Bolivie-guerre du gaz: malgré les tueries, les Etats-Unis appuient le président Sanchez de Lozada

La mise en garde de Washington à l'opposition bolivienne internationalise la crise

Le député et leader indien Evo Morales à la tête d'un barrage routier
Photo archives Jeremy Bigwood
LA PAZ / WASHINGTON, mardi 14 octobre 2003 (LatinReporters.com) - La crise bolivienne s'internationalise. En offrant lundi au président Gonzalo Sanchez de Lozada un soutien assorti d'un avertissement à l'opposition, Washington est en effet devenue partie prenante dans la "guerre du gaz" qui ensanglante depuis un mois la Bolivie.

L'armée et la police continuent à réprimer durement les manifestations contre le projet d'exportation, via le Chili, de gaz naturel bolivien aux Etats-Unis et au Mexique. Grèves et émeutes paralysent la Paz et d'autres villes. Les organisations humanitaires dénombrent au moins 50 morts et près de 200 blessés.

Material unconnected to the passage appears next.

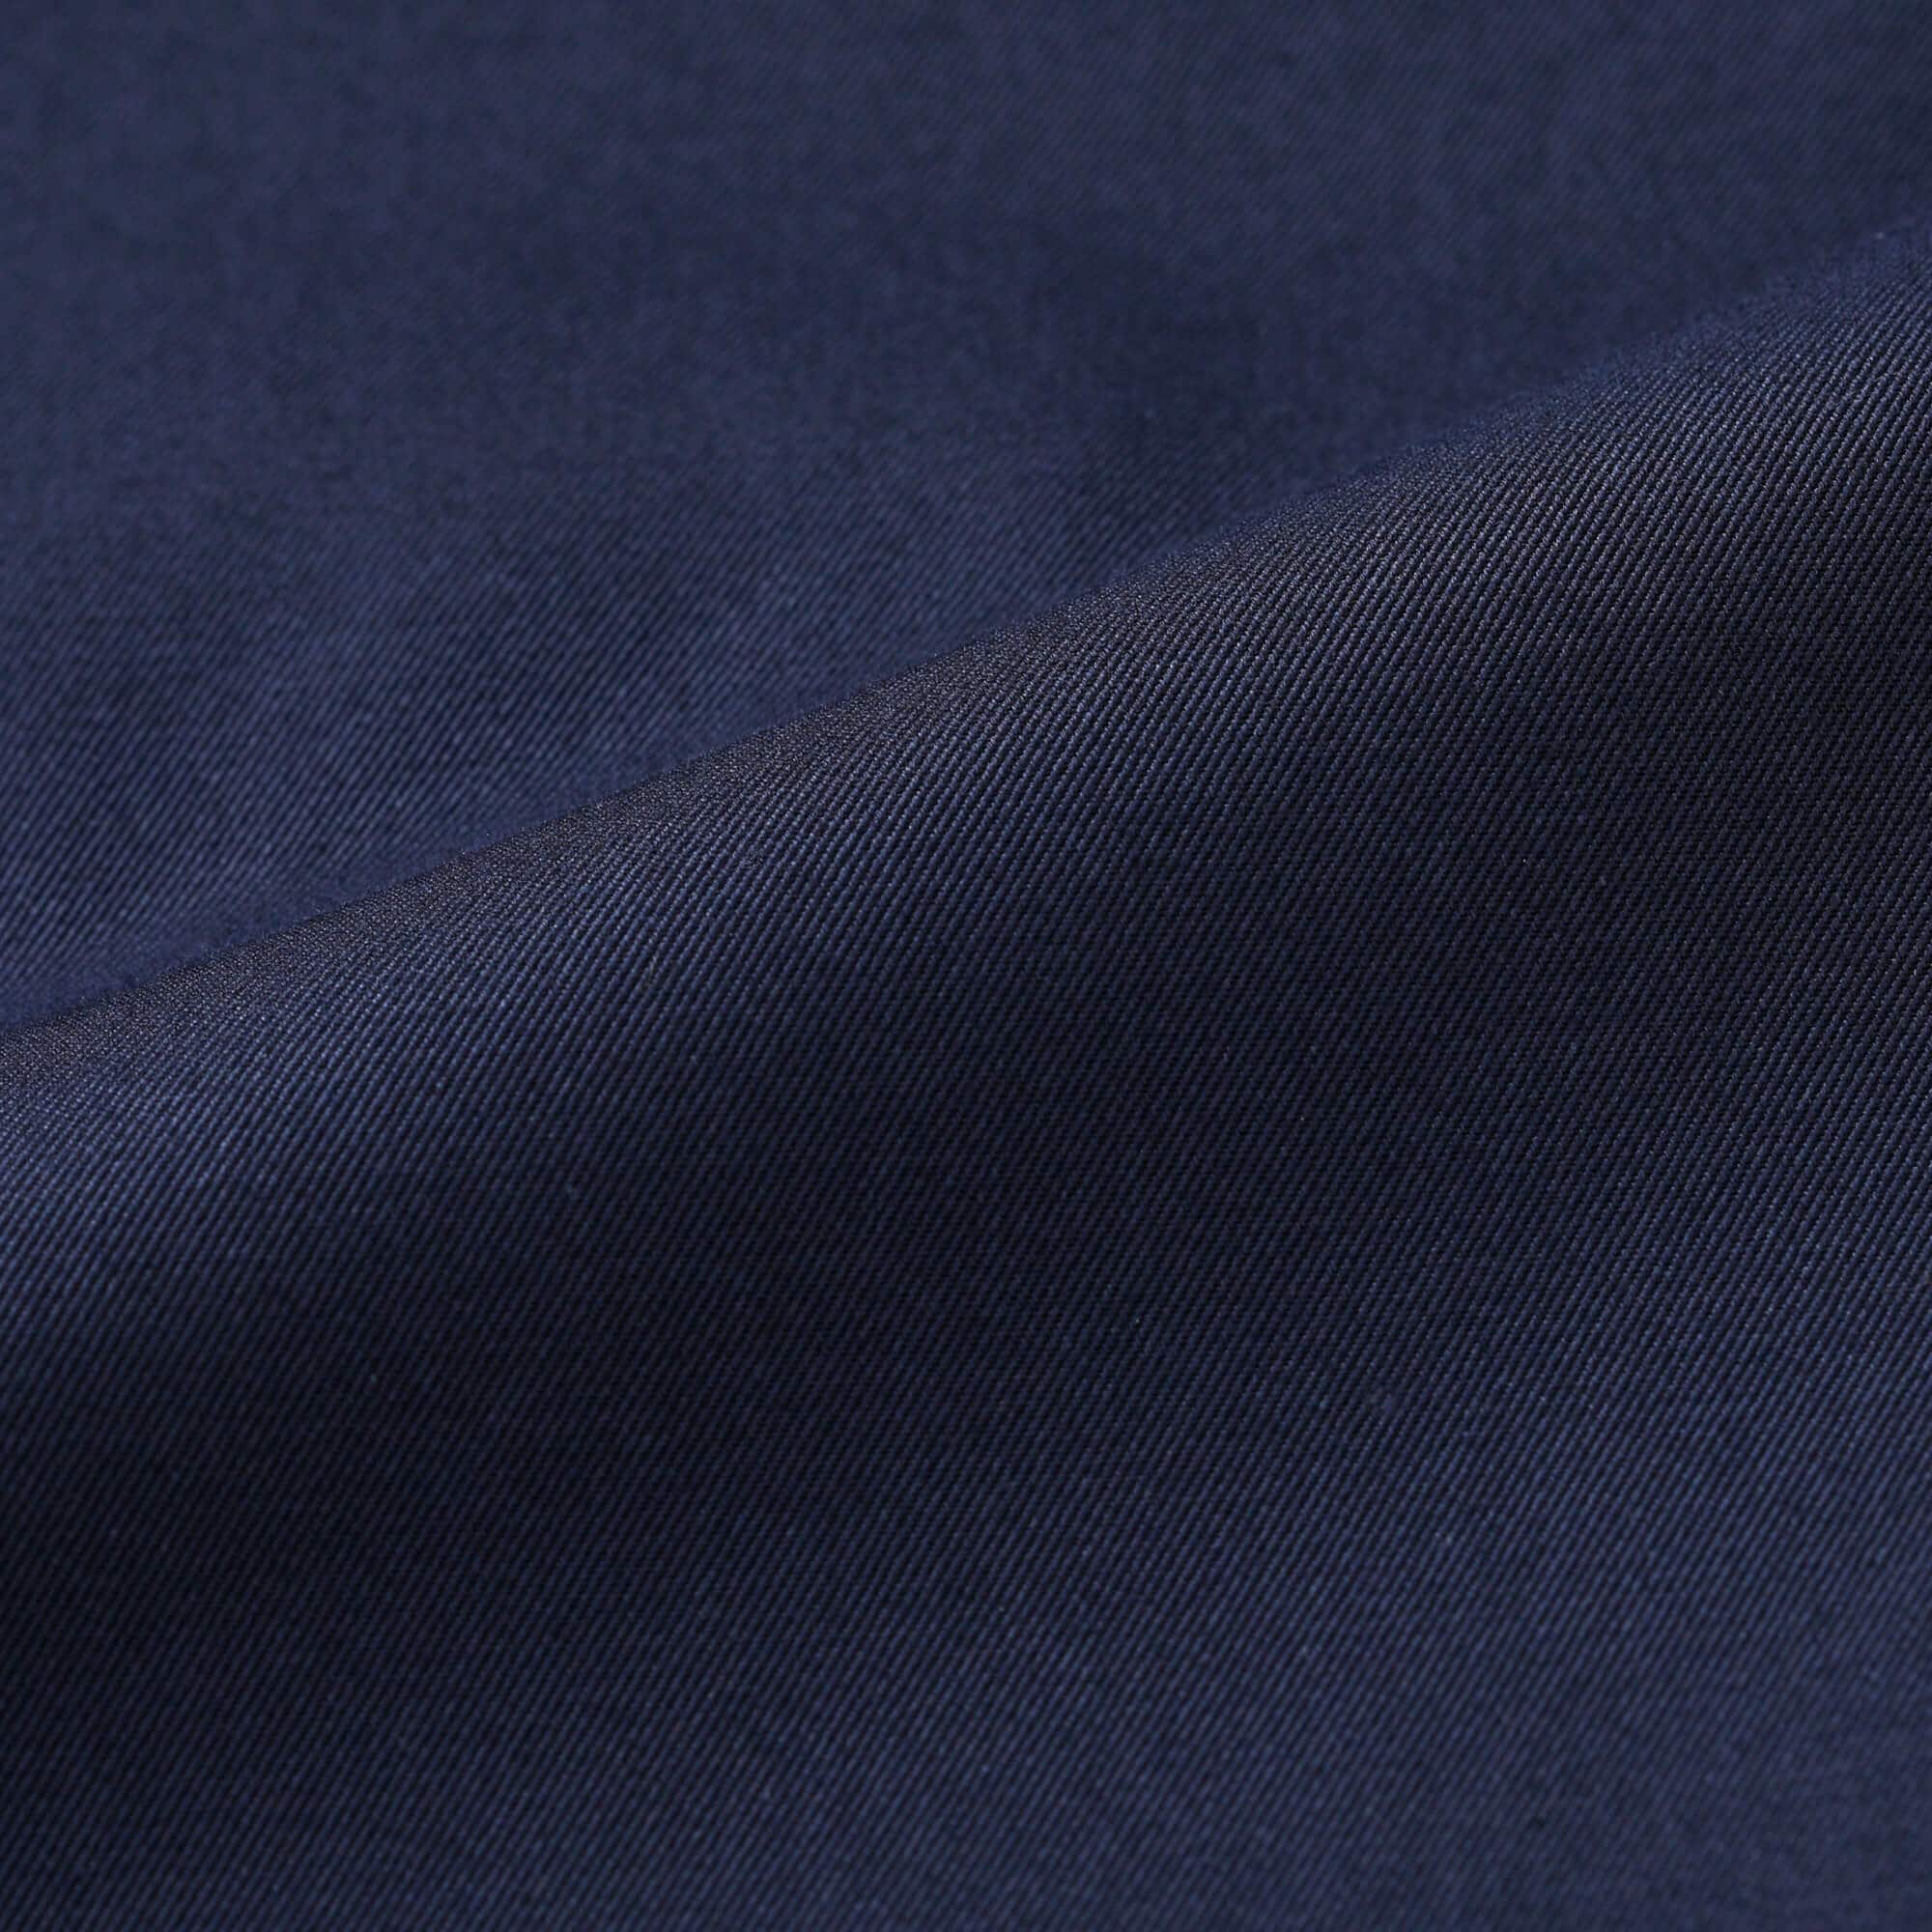 Authentic ステンカラーコート|ファッション通販のNY.online

La démission de quatre ministres isole davantage le président Sanchez de Lozada, qui semble ne plus pouvoir compter que sur Washington et l'armée.

"Le peuple américain et son gouvernement appuient le président de la Bolivie démocratiquement élu, Gonzalo Sanchez de Lozada, et ses efforts pour construire un futur plus prospère et juste pour tous les Boliviens" a déclaré lundi à Washington le porte-parole du département d'Etat, Richard Boucher.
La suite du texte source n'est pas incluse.